Come January many of us sign up to the gym, stick rigidly to a new diet and happily see the results of our efforts with a decrease on the scale. During those first few weeks it all seems so… effortless. Your motivation is high and your risk of succumbing to temptation is low.
Once February rolls around though, that can all change. Suddenly, what once seemed so easy, now seems like an uphill struggle, and not the calorie burning kind.
Instead, you’ve hit a bit of a plateau and what was once working down the gym no longer is. You’re still eating right and working out hella hard, so what gives?
Here are three could-be culprits.
First up, according to personal trainer Max Bridger sticking to lifting light weights at higher reps is a surefire way to stall your progress.
Basically, you need to be lifting heavier with a shorter rep range to achieve something called hypertrophy, one of the fastest ways of changing your body composition. In layman’s terms that just means lifting heavier to promote tears in your muscle fibers, that then repair and rebuild.
That doesn’t mean you’ve to attempt to lift your whole body weight though.
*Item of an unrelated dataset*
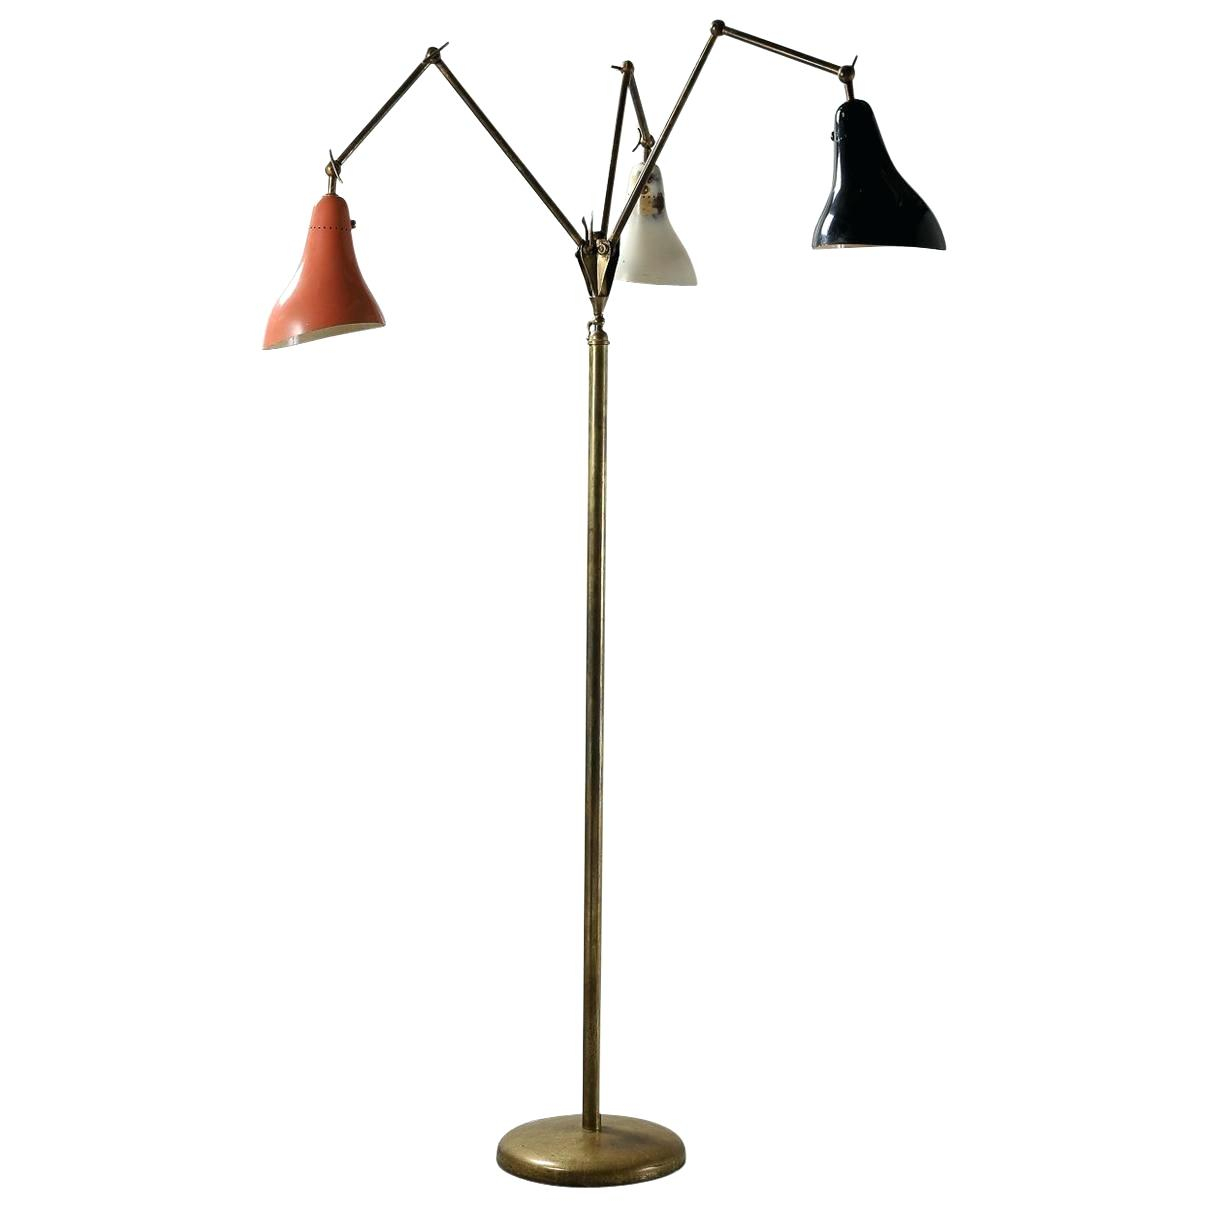 3 Arm Floor Lamp Restaurantecarpaccio with regard to size 1208 X 1208

No, Max tells Cosmo UK that the perfect routine will switch between light, moderate and heavy weights week to week as well as changing up the number of reps you’re performing.
Another problem? Avoiding bigger weighted exercises like squats and deadlifts apparently.
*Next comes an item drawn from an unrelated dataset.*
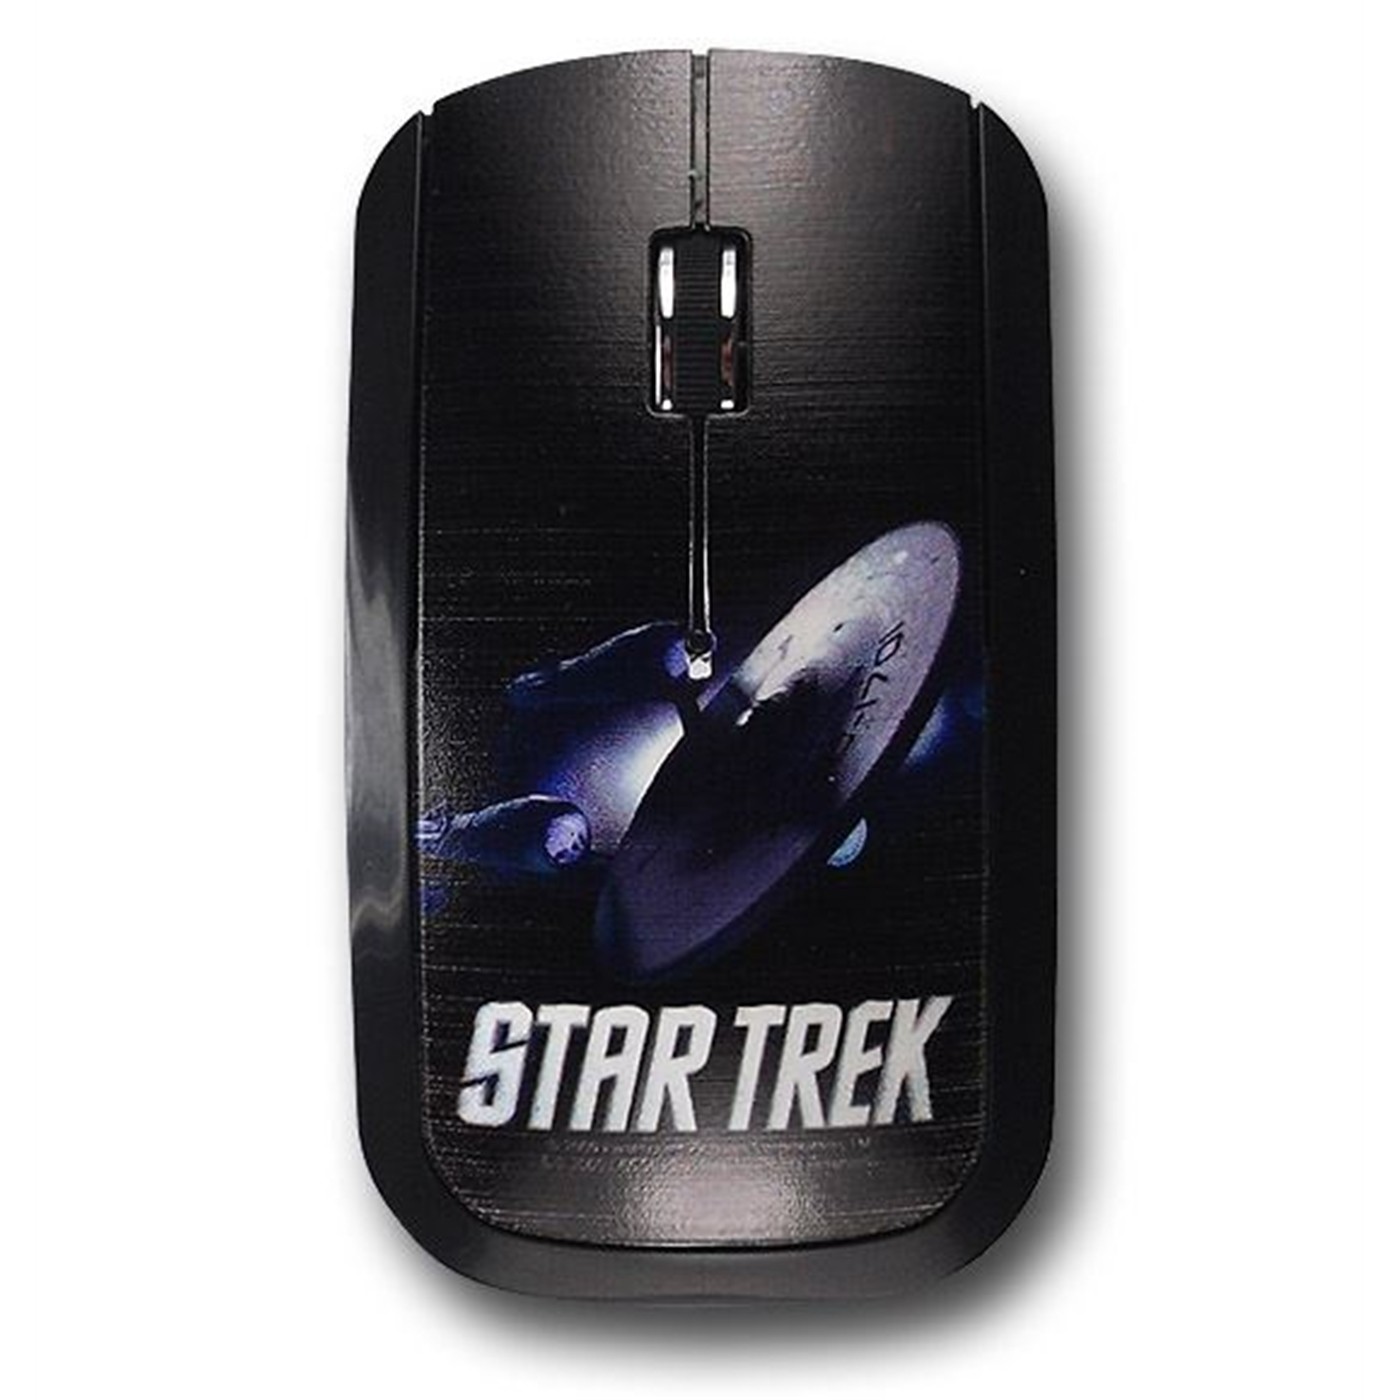 Star Trek Enterprise Wireless Mouse

According to Max “These exercises burn the most calories, engage the most muscle groups, test the core and more effectively shape the glutes compared to other exercises such as donkey kicks, squat jumps and band walks.”
That’s why you’ll want to incorporate them into your routine every single week being sure to consistently lift heavier as you go.
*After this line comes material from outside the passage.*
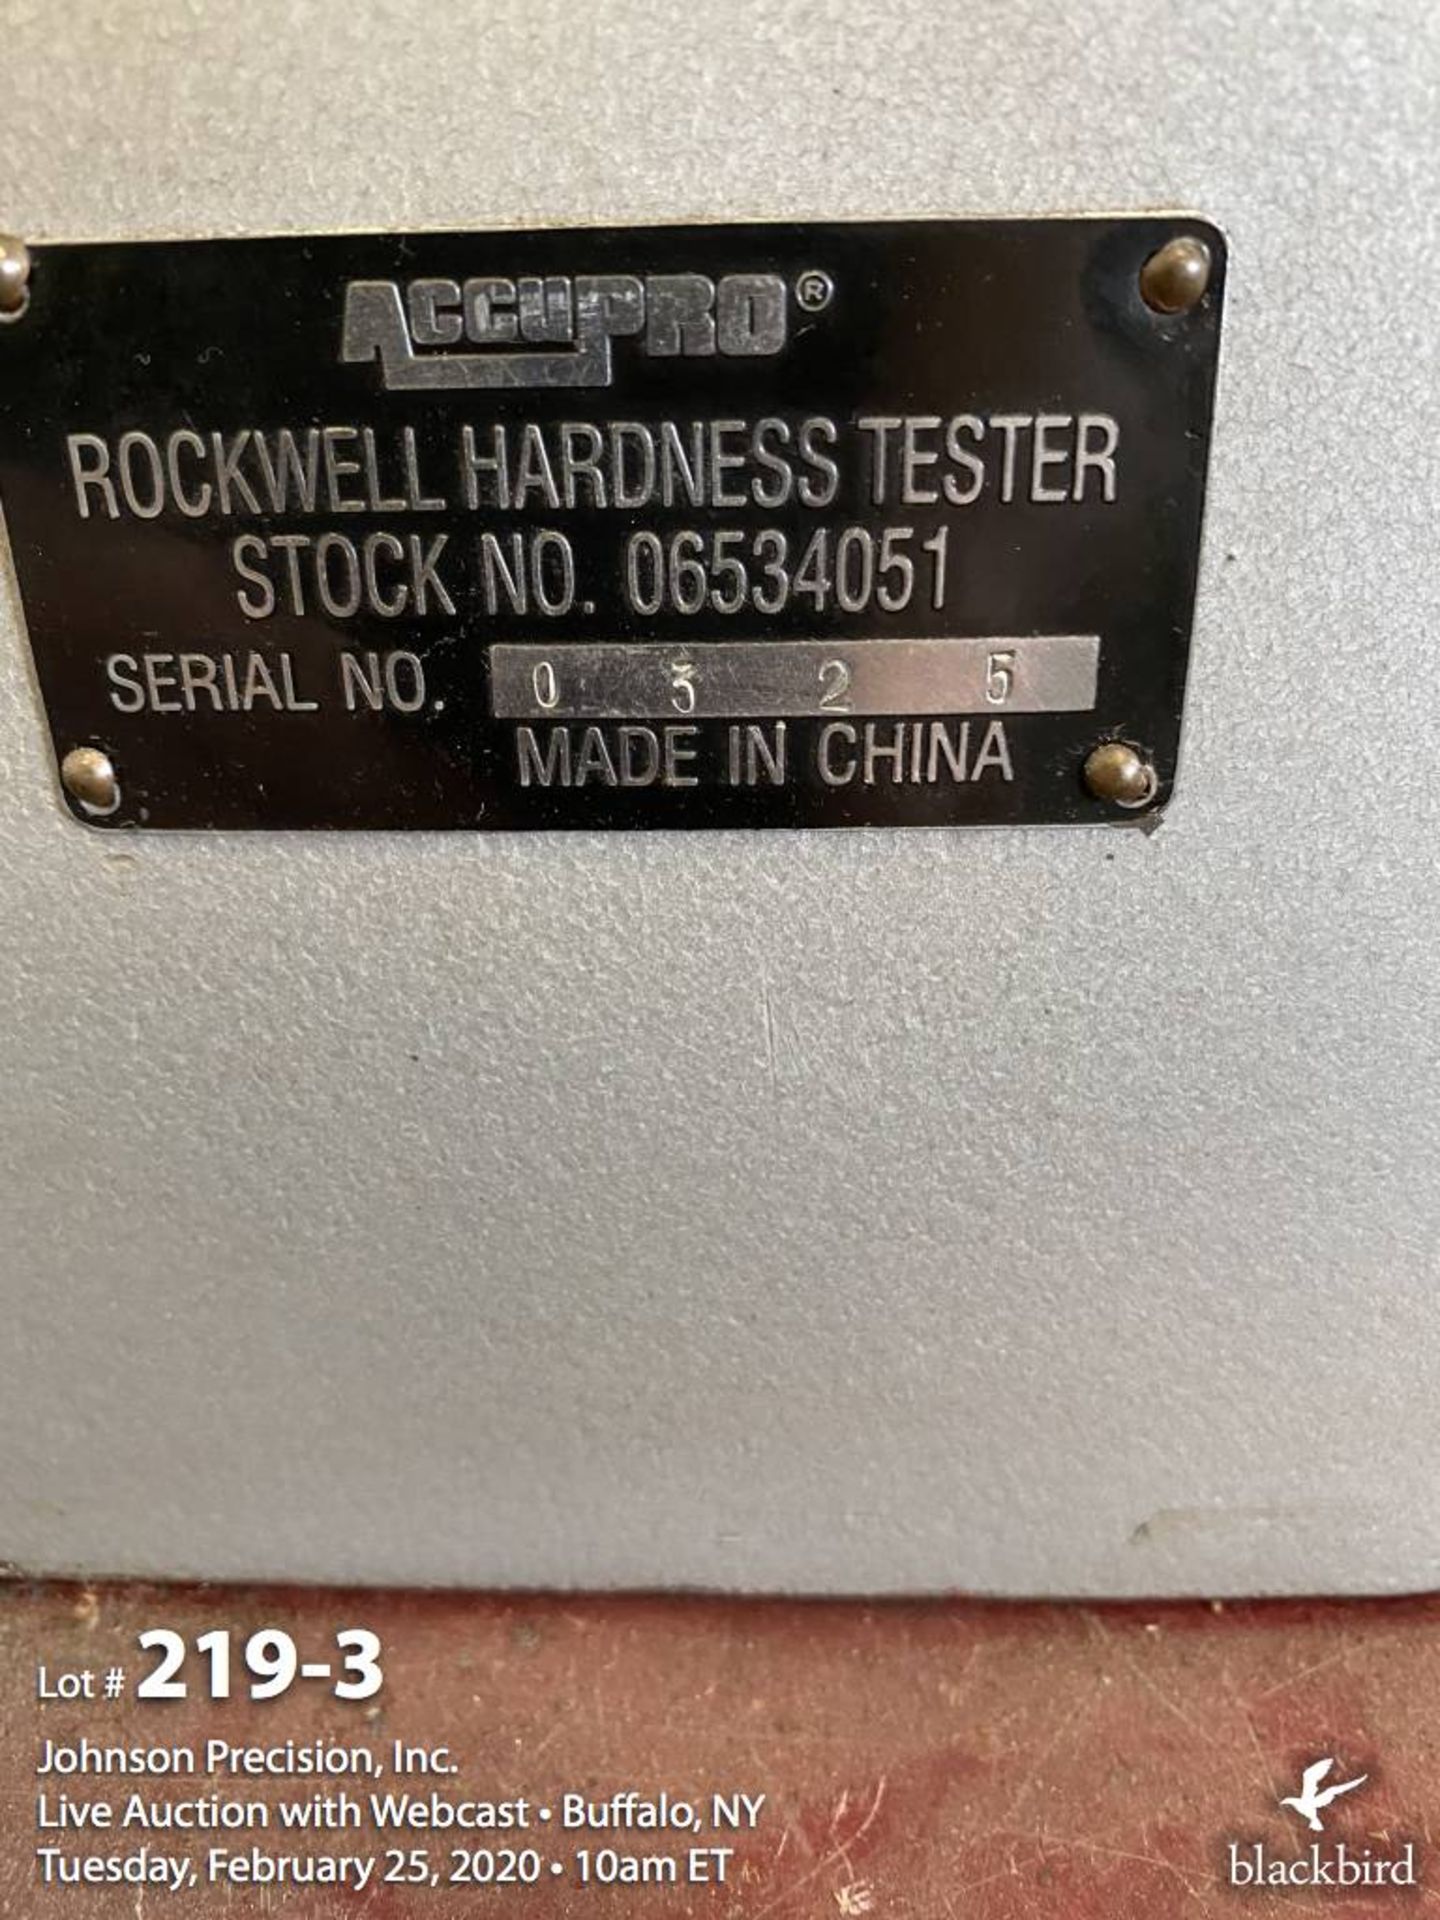 Accupro Rockwell hardness tester - Image 3 of 3

If you reckon neither of those two issues are responsible for your plateau, relying solely on HIIT cardio could be to blame.
Speaking to Stellar.ie, Nike Global Trainer Jos Thompson explained that HIIT is great but it might not be the key to long-term success.
“To a certain degree it does get you results but because those results come so quickly people were doing too much of it, too often, to try and get more results quicker,” says Jos. “What happens is that you end up over-training, or under-recovering. Some people were getting sick or injured. When you’re under-recovered you actually can lose motivation. For example, even a group of girls that I was training, one of them was like, ‘I can’t push in the sessions, I wake up feeling depressed.’ She was just doing too much.”
Basically, how you rest and recover is just as important as the work you put in during a session, so if you’ve noticed your progress slowing look to your nutrition and training plans first and foremost, and then check to make sure you’re not overdoing it.
Remember, we all need a couch day every once in a while.